The invention relates to a light switching device that is reversibly switchable between at least a first state of reflecting light and a second state, the second state being either a state of absorbing light or a transmissive state, said device comprising a stack of layers including a switchable layer of an optically switchable material which brings about a switch from the first state to the second state of the device in particular a material in which switching is obtained by changing a density of hydrogen.
U.S. Pat. No. 5,905,590 describes a switching device comprising a switching film including hydrides of magnesium with other trivalent metals. By exchange of hydrogen, the switching film can be reversibly switched from a transparent state to a mirror-like (fully reflecting or scattering) state with zero transmission via an intermediate black absorbing state. The switching film is comprised in a stack of layers, which is deposited on a transparent substrate. By virtue of the optical effect the device can be used as an optical switching element, for example as a variable beam splitter, optical shutter, and for controlling the illuminance or the shape of light beams in luminaires. The switching device can also be used for data storage and in optical computing, and in applications such as architectural glass, vision control glass, sunroofs and rear-view mirrors. By making a pattern in the switching film and providing the patterned switching film with transparent electrodes a thin display can be manufactured.

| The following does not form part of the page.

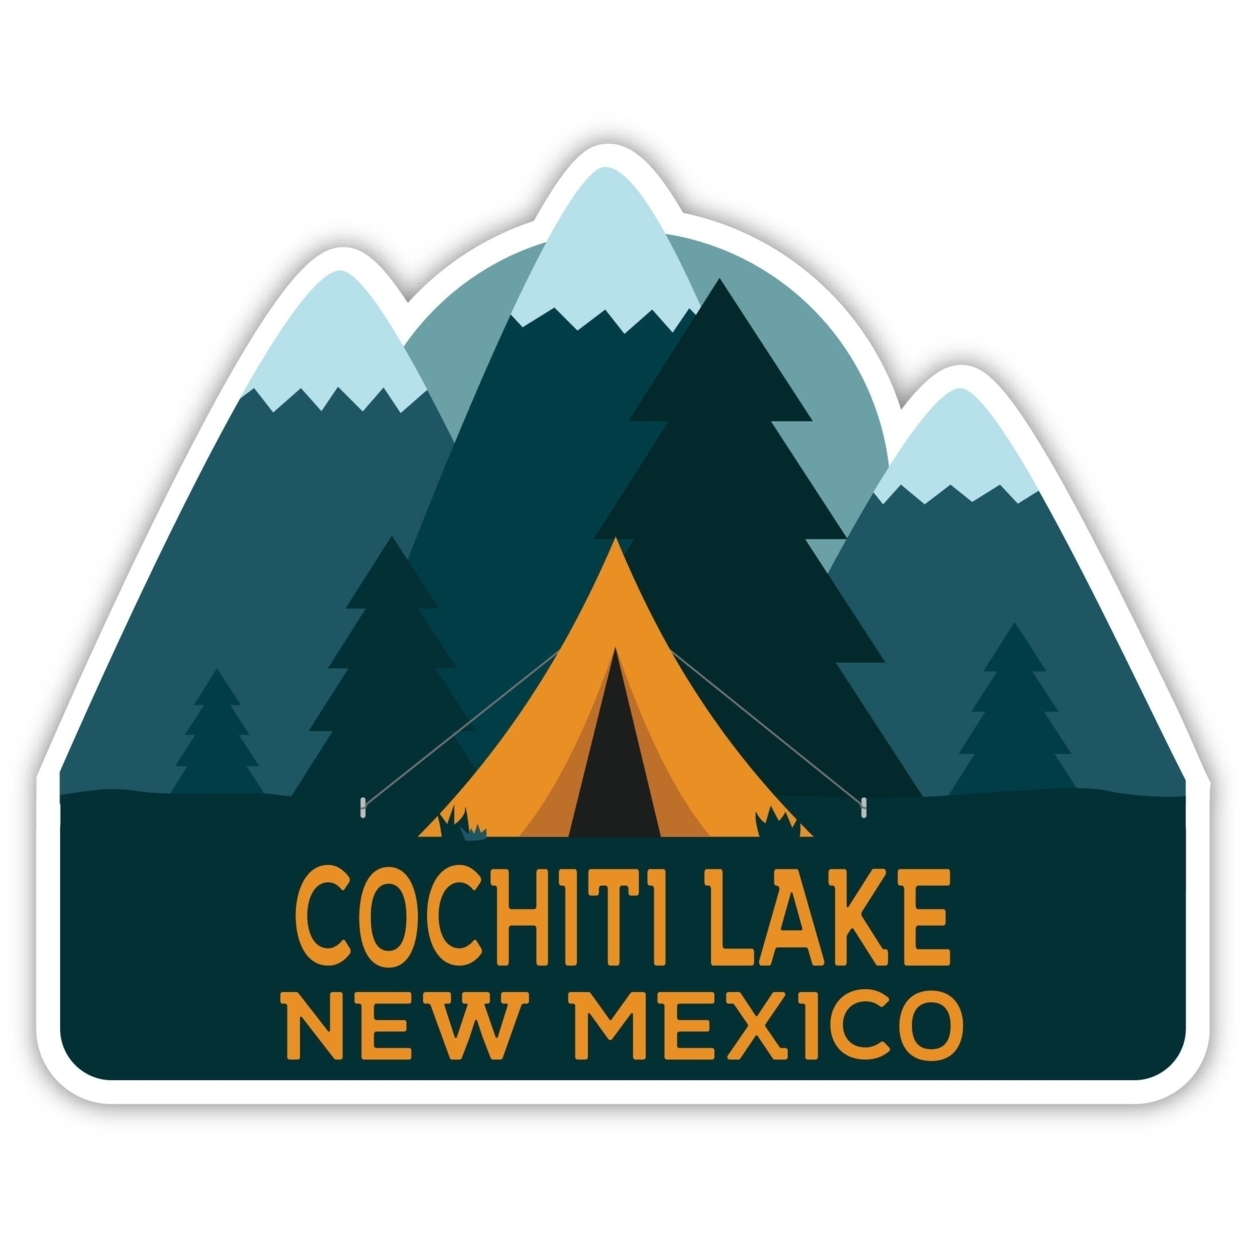 Cochiti Lake New Mexico Souvenir Decorative Stickers (Choose Theme And Size) - 4-Pack, 8-Inch, Tent

It is a problem with this type of devices that since the speed of the switching effect is determined by the transport of hydrogen, the device is relatively slow.
It is an object of the invention to provide a switching device, which has an improved speed. To this end, the invention provides a display device in accordance with claim 1.
The invention is based on the insight that on the one hand the amount of charge required to address a pixel is so large that this cannot be loaded to a pixel during a number of subsequent addressing periods while on the other hand the pixel is comparable to a rechargeable battery. In the switching mirror device H-ions diffuse from one H-containing layer to the other whilst an electric current flows around the device. The optical properties depend on the state of charge of this hydrogen battery. By changing the polarity of the applied voltage the H-ions will flow back.
By introducing, according to the invention, for each pixel element a series connection of the pixel element and a current source to charge the pixel element and further means for resetting at least part of the pixel elements to a defined state, a large current can be introduced in both directions, allowing fast switching of the pixels.
In a first embodiment of the invention the common point of the pixel element is connected via a switch to a reset voltage. Reset is obtained by closing the switch.
In a preferred embodiment of the invention the series connection of the pixel element and the current source is provided between voltage connections and the means for resetting comprise means to switch one of the voltage connections between at least two voltages having different signs with respect to the other voltage connection (symmetric devices). In this way the extra switch for reset can be dispensed with, which in the transmissive mode leads to a higher aperture.
For asymmetric devices it may also be possible to switch between two different amplitudes.
Preferably the current source comprises a capacitor element connected to a control connection of a transistor.